Numbers on my system
Maybe of little interest now, since it turns out that Qt 4.5 will have a faster implementation yet, but I ran the benchmark and thought you might be interested in seeing the numbers. Of course then I had to wait for my account to clear before I could post a comment
The numbers are at:
http://pastebin.com/m40bd6a5a (MacOS X, Macbook Pro Core 2 Duo)
Cool that you are providing
Cool that you are providing these benchmarks, we're always looking for points of improvement in the Qt graphics system.
For 4.5 we are investigating several performance areas and this case is already covered. At least on my local build of Qt 4.5 optimization branch, the fractal filling runs slower than a plain fillRect() or drawTiledPixmap when done on a QImage.
Also, I noticed that you are using RGB16 as the format. Which format you use usually have a lot to say. For instance the ARGB32_Premultiplied format is highly optimized and runs fillRect() roughly twice as fast, because of MMX and SSE, at least on x86.
Formats
Yes, I ran it on ARGB32_Premultiplied and the fractal fill is still faster. I'm glad to hear that your local branch of Qt 4.5 optimization is even faster still. That's awesome! Do you have any idea when this will hit the snapshots?
Also, are you planning on introducing drawTiledImage?
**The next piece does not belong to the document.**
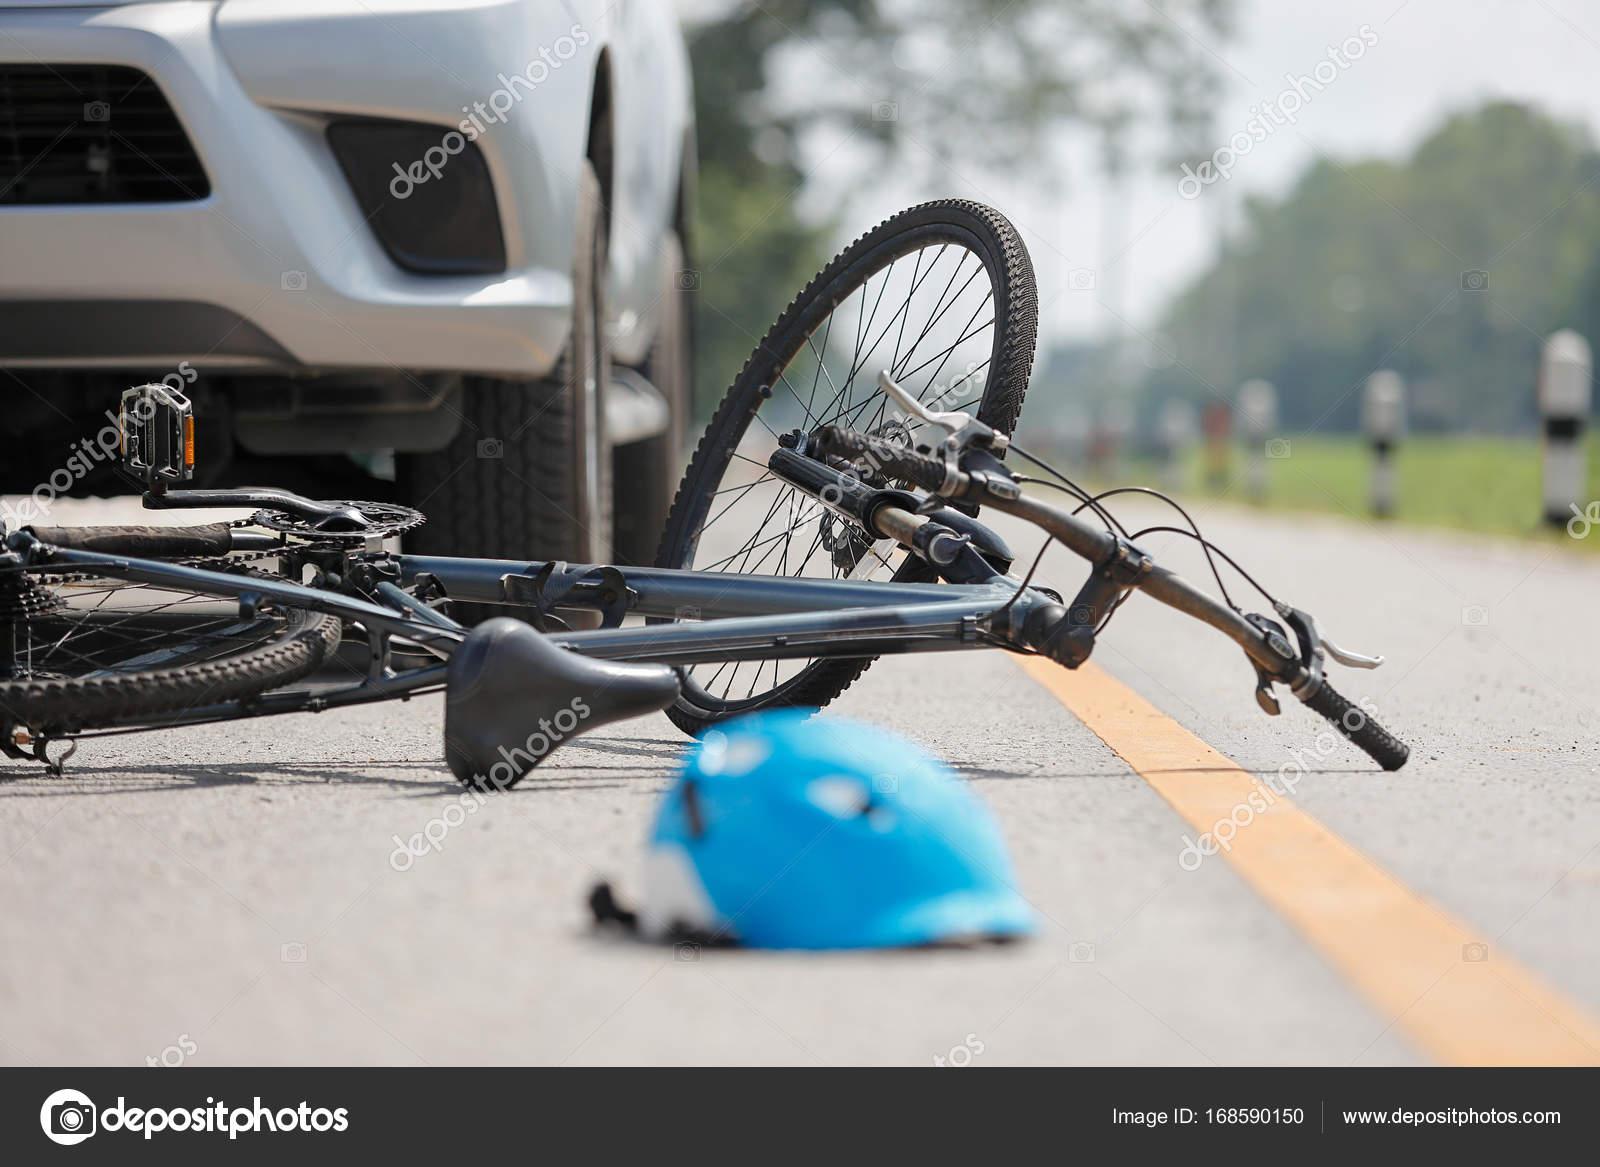 Unfall Auto Crash mit dem Fahrrad unterwegs — Stockfoto © toa55 ...

As no matter if it is faster, it is just plain wrong to convert a QImage to a QPixmap for tiling purposes especially when the canvas device you are drawing to is QImage.
When playing with KDE4 I
When playing with KDE4 I noticed a massive CPU usage when simply hovering over listviews (not sure what exact class that is), for instance the plugin lists in KRunner config or KWin effects config, also the process list in the process manager (accessible via KRunner). Simply hovering over the lists elements makes my CPU (Pentium M 1,4GHz) go up to 80-90% (half Xorg and half application). Could this be the same cause?
What???
What???
You talked about inefficient
bug
Did you file a bug at Qt's bugtracker? I suppose it isn't possible to add a patch over there. Maybe something Nokia should think about adding, after all, opening up is good, right?